Here, we registered 62 new 2A-like notifications in pssRNA viruses, as presented in Table 2 (underlined). The positions in each respective genome are shown in Figure 1.

In most pssRNA viruses, 2A/2A-like segments are used in primary polypeptide processing. The pssRNA viruses commonly possess one 2A/2A-like sequence, but some viruses have two, three, or even four motifs (Table 2). Many of them are members of the order Picornavirales, such as Picornaviridae, Dicistroviridae, and Iflaviridae. Currently, the Picornaviridae family has 63 assigned genera [28], but 2A/2A-like sequences have been found in viruses assigned or tentatively assigned to 15 genera: Aphthovirus, Avihepatovirus, Cardiovirus, Cosavirus, Crohivirus, Erbovirus, Hunninvirus, Limnipivirus, Mischivirus, Mosavirus, Parechovirus, Pasivirus, Senecavirus, Teschovirus, and Torchivirus.

In aphthoviruses and cardioviruses, the 2A-like region self-cleaves at its own C-terminus, meaning that the 2A-like polypeptide remains as a C-terminal extension of the upstream polyprotein (P1) until it is removed by secondary proteinase cleavage [8,9]. However, in parechoviruses, the 2A-like region has no protease or protease-like activity, and its apparent function is to alter host cell metabolism because it possesses a high homology to cellular protein H-rev107 that regulates cell proliferation (H-box 2A) [29].

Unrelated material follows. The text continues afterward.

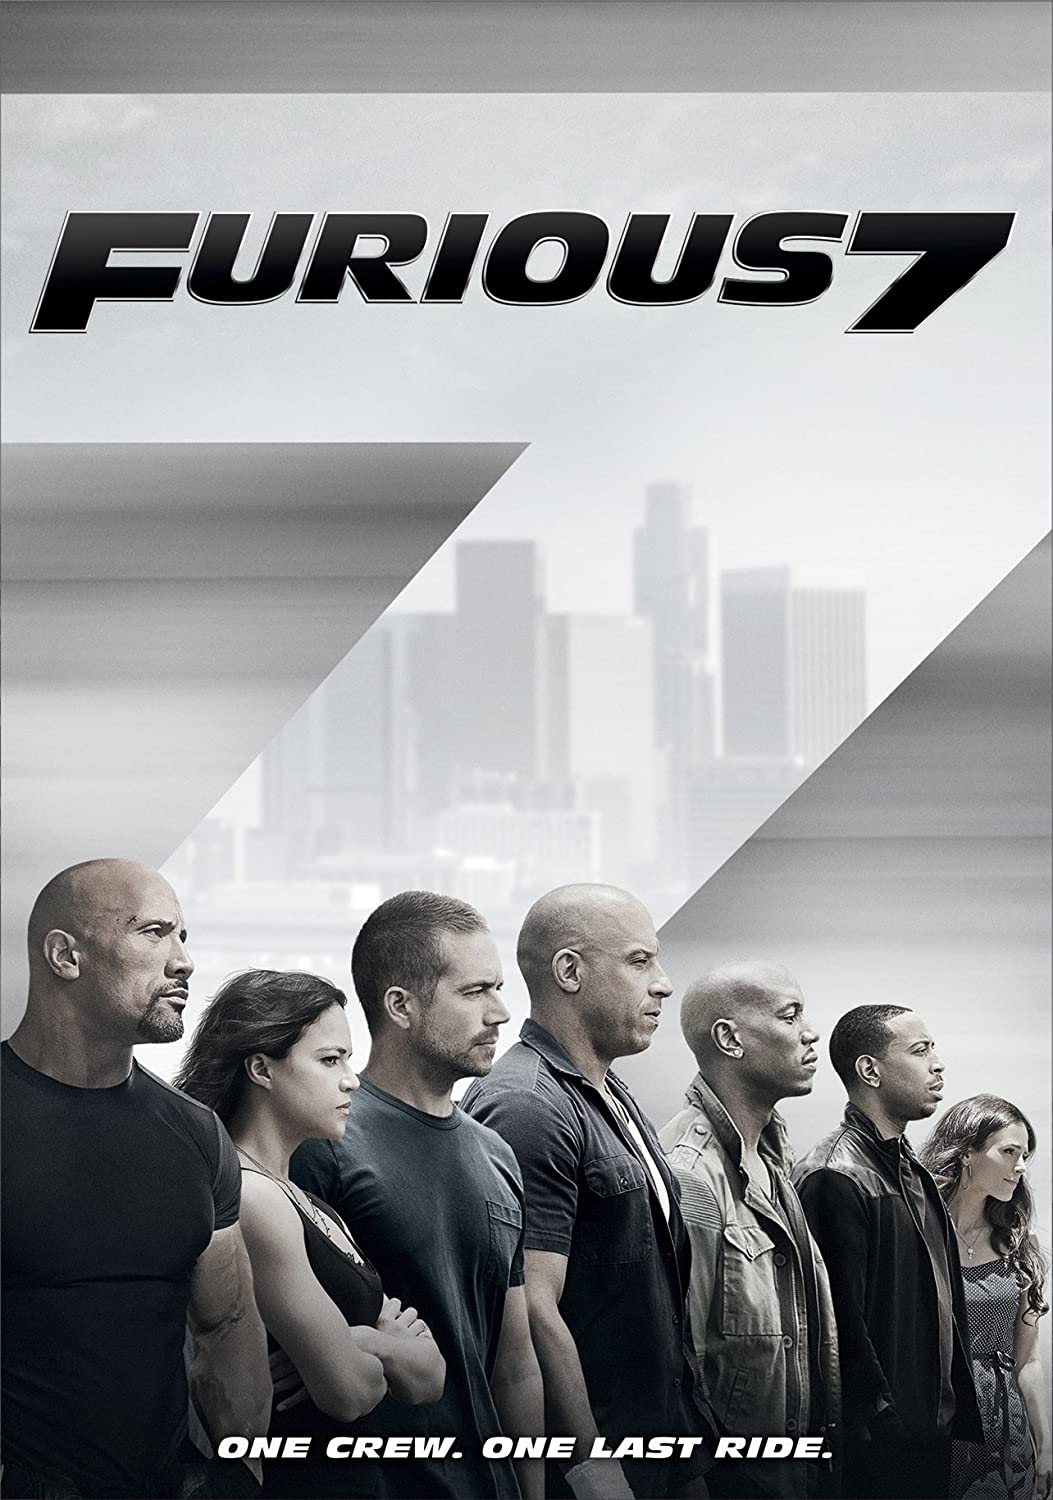 Download Fast And Furious 7 (2015) (Dual Audio) Blu-Ray Movie In 480p [500 MB] | 720p [1.4 GB] | 1080p [3.6 GB]

In insect Iflaviruses, the 2A-like sequence separates the capsid and replicative protein domains. The Dicistroviridae family is composed of the Aparavirus, Cripavirus, and Triatovirus genera, in which the 2A-like sequences occur at the N-terminal region of the replicative protein open reading frame (ORF) [2,14].

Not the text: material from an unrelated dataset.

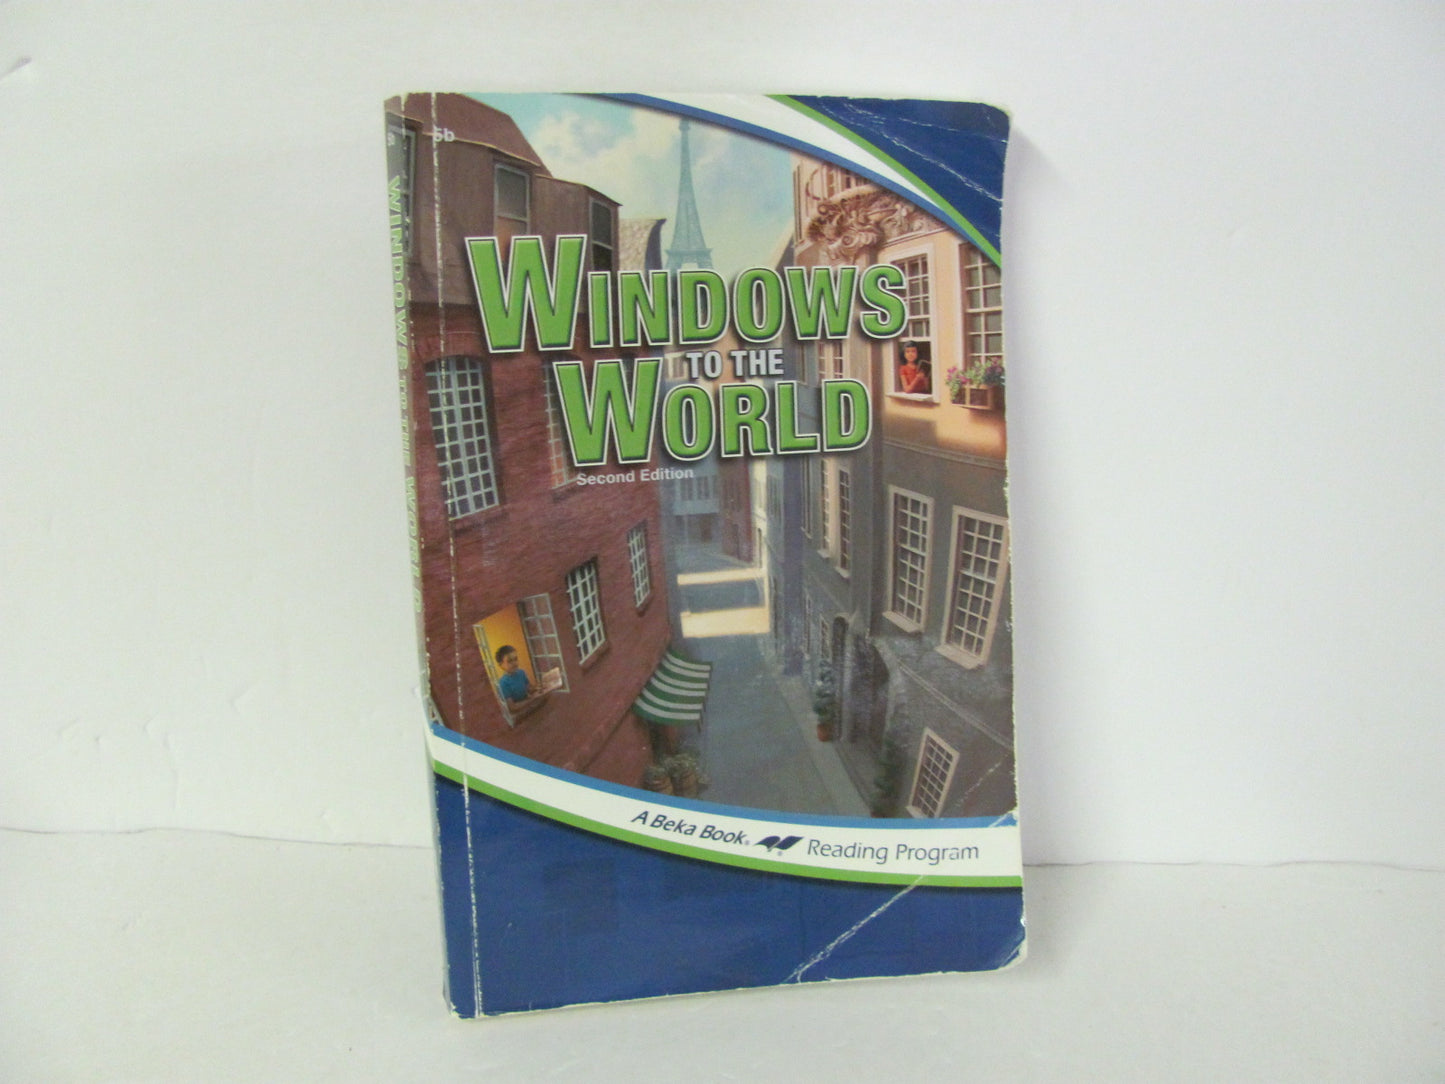 Windows to the World Abeka Student Book Gently Used 5th Grade Reading Textbooks

Members of the Permutotetraviridae and Carmotetraviridae families (previously Tetraviridae), Thosea asigna virus and Euprosterna elaeasa virus, encode a 2A-like sequence at the N-terminus of the structural ORF [1]. The Providence virus has three 2A-like sequences, 2A₂ and 2A₃, located in the capsid protein precursor (VCAP), and 2A₁ at the N-terminus of the p130 ORF, which encodes the viral replicase [30].

3.3. dsRNA Viruses

Among the dsRNA viruses, 2A-like sequences not yet reported were found in six species. The new 2A-like sequences are underlined in Table 3, and their localization inside the genome is schematized in Figure 2.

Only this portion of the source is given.